As for moral compromise, well who isn’t compromised we said. City fans were compromised the day they broke the transfer record by signing the attacking midfielder Steve Daley for £1.4m in 1979 (four goals in 48 league games, if you must know). All the top clubs were compromised when they signed up to the Premier League, as were those of us who bought into Sky TV and BT because there was no other way to get our fix. Sure, a few United fans showed their mettle by leaving Manchester United and forming FC United. But there were tens of thousands waiting to buy up their season tickets. And even if there weren’t there was global audience desperate to watch the big Premier League teams on the telly and buy up their replica shirts. And then the pandemic came, and there were no fans in the ground, and it didn’t really matter because the replica shirts were still being bought, TV money was still coming in, sportswashers extraordinaire were still soaping their kingdom’s dirty deeds in tales of football derring-do.

Did we complain about our owners? Of course, we didn’t. We just dreamed of ever greater success. So when they came for those too poor to watch the game, we might have muttered a few dissenting words, and then went on enjoying the glory days. When those with a moral conscience gave up on the club, we said they were supercilious prigs and we were better off without them. When socialists complained that bought success wasn’t true success, we dismissed them as killjoys. It just meant there were more tickets left for us.

Related: European Super League: backlash builds against breakaway plan – live!

And finally on Sunday the club came for us. City, along with the five others who make up the so-called big six (or more accurately, the rich six) told us in no uncertain terms what we’d known for ages but had not been prepared to admit – they couldn’t give two hoots about us. You want to stay in the Premier League, you want real competition, you want to subsidise the poorer clubs, you want to be able to go to see your team play away at Norwich or Brighton, they taunted, well stuff the lot of you, we no longer need withered “legacy fans” because there are millions of younger, fresher, richer suckers all over the world who will invest in our product.

Should we feel sorry for ourselves?

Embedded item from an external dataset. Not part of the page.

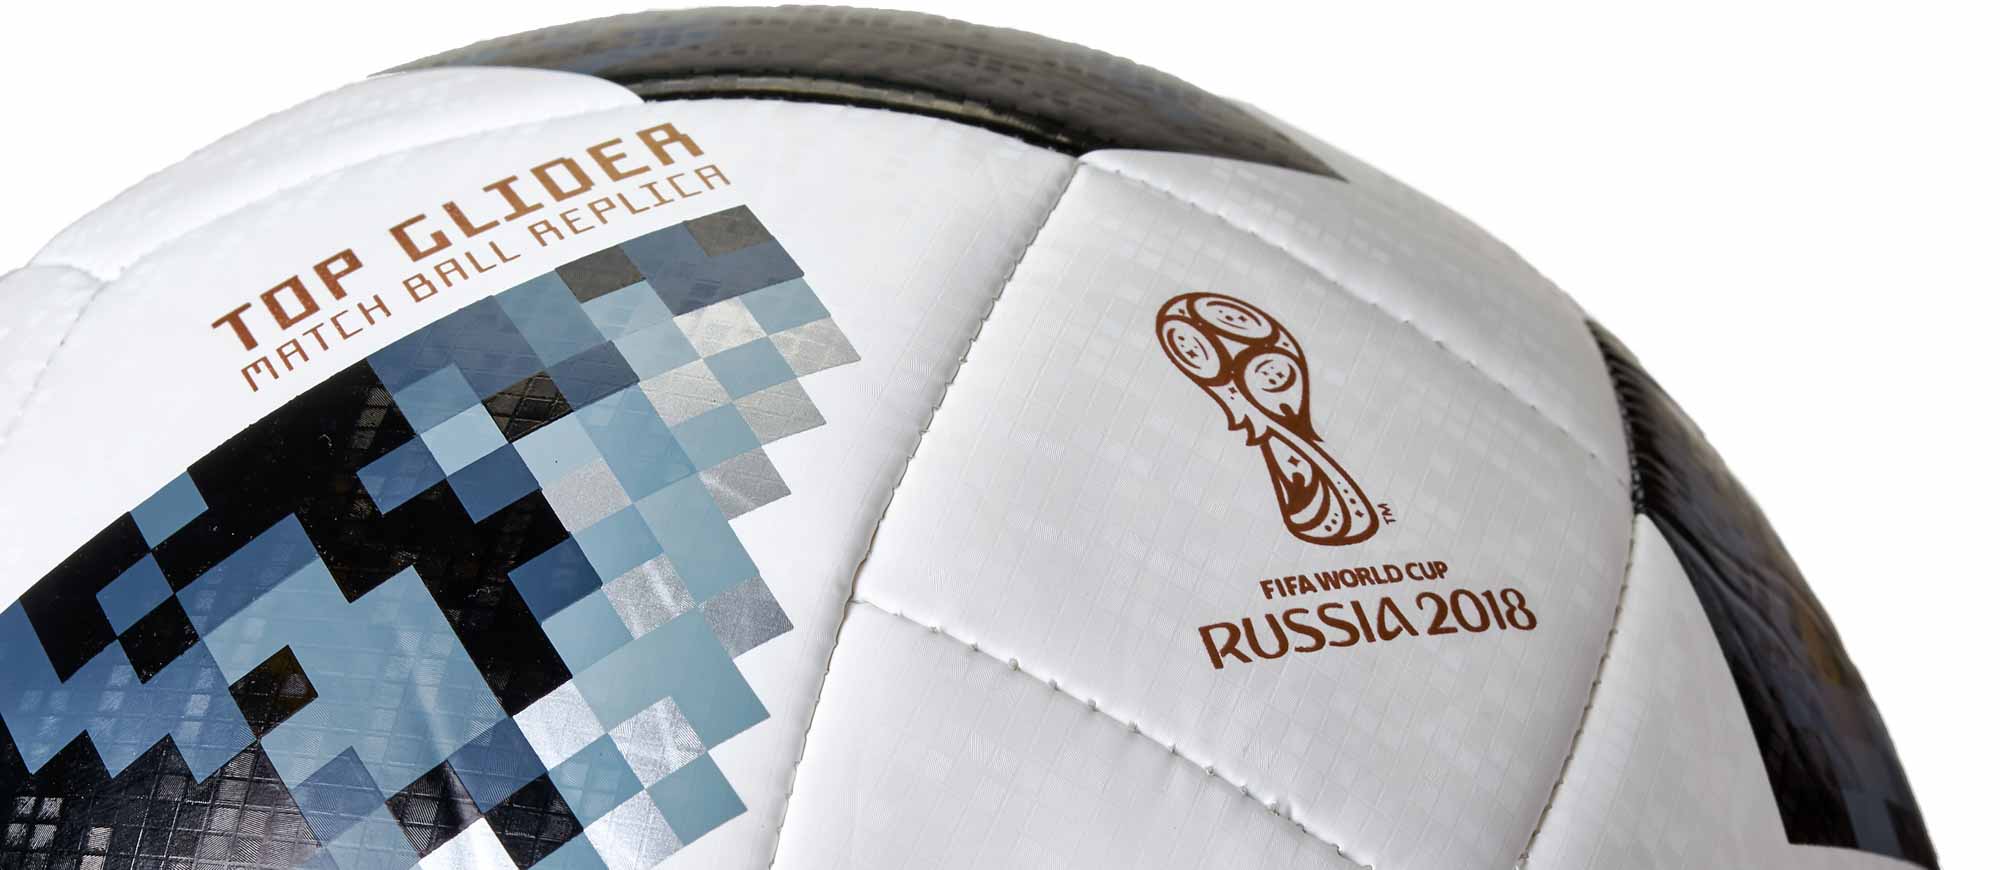 Adidas Telestar Ball Mexico Top Glider FIFA WC 2018 Color White Taglia  Palloni 5

Not really. We had the opportunity to vote with our feet, our mouths and our placards, but we didn’t. Success was too alluring. Should we fans of the big six walk away from our clubs? Yes. Will we? Who am I to say. There were plenty of times when I could have and should have, but didn’t. And the last decade on the pitch has been wonderful. But supporters can now see the price we’ve paid for success. Once we made our clubs what they were, we paid the players wages; now we’re an irrelevance and an irritant.

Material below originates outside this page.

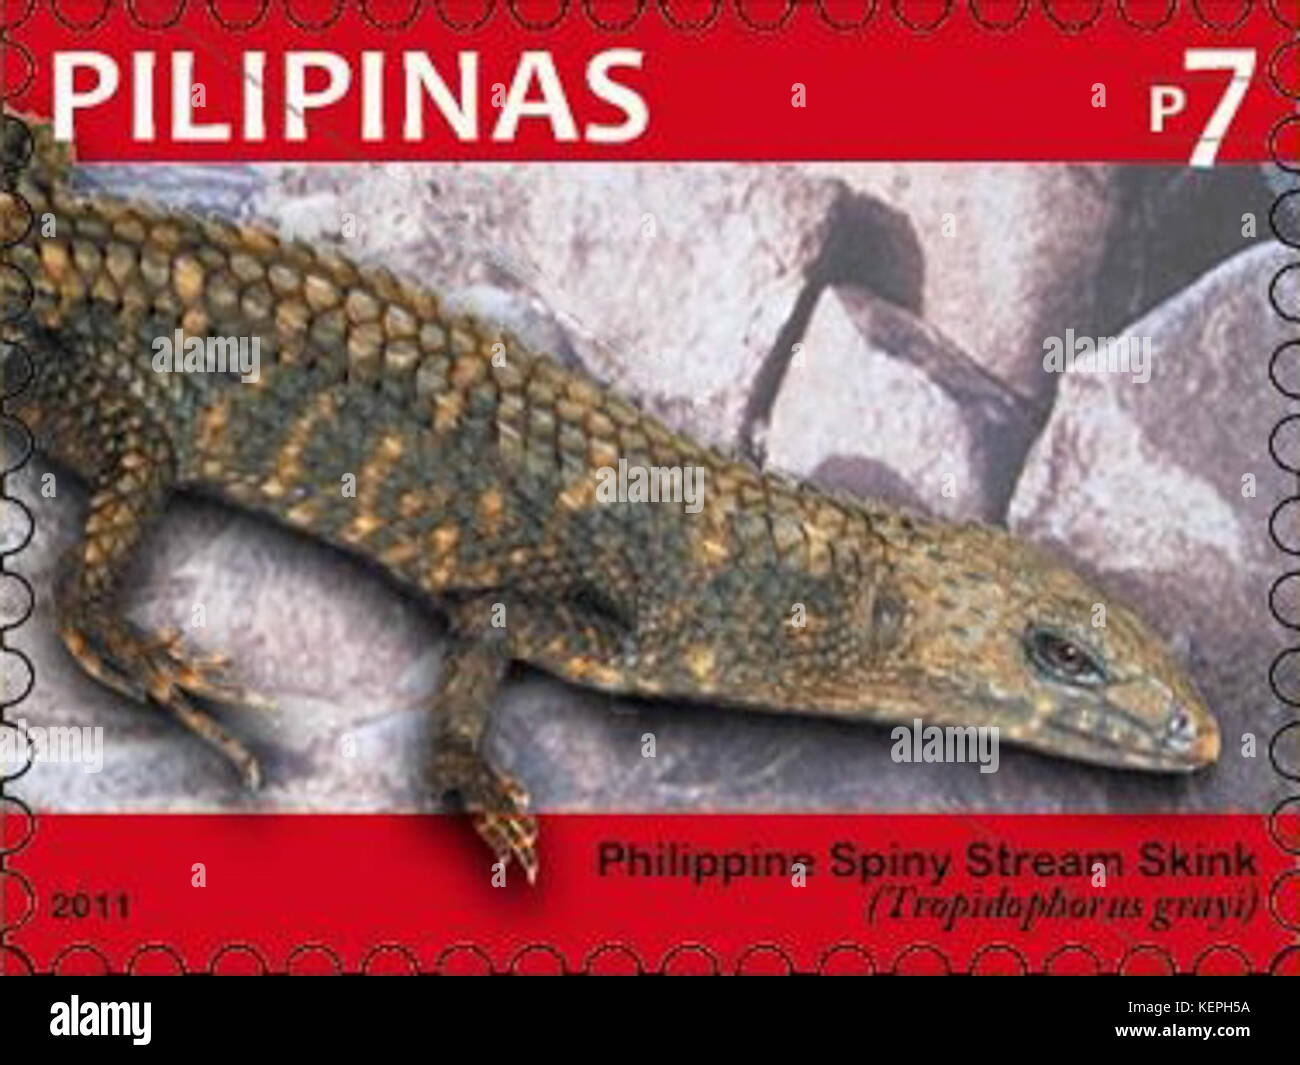 Tropidophorus grayi 2011 stamp of the Philippines Stock Photo

To give the club its due, when Manchester City issued a statement on Sunday night it did acknowledge the role of the fans. “The club’s inclusion in the Super League will be an immediate focus for its continued engagement with supporters and other important stakeholders.” If I could begin to make sense of the sentence, I might well take offence at it.

But the meaning was far more obvious in the previous paragraph when it quoted the despised Manchester United co-chairman and vice-chairman of the Super League, Joel Glazer, saying: “By bringing together the world’s greatest clubs and players to play each other throughout the season, the Super League will open a new chapter for European football, ensuring world-class competition and facilities, and increased financial support for the wider football pyramid.”

Yes we can quibble with his logic – the pyramid will no longer exist once you’ve lopped off its top, and there can be no competition in a league where you can’t be relegated. But the essence of what City is saying to its fans could not be clearer – Joel Glazer and his merchants of greed mean far more to us than you relics will ever do.

At the Etihad Stadium on Monday, a handwritten banner was placed over the entrance to the Colin Bell stand: “127 years destroyed by greed”, it said in capital letters. A crowd gathered in front of it, heads bowed as if in mourning.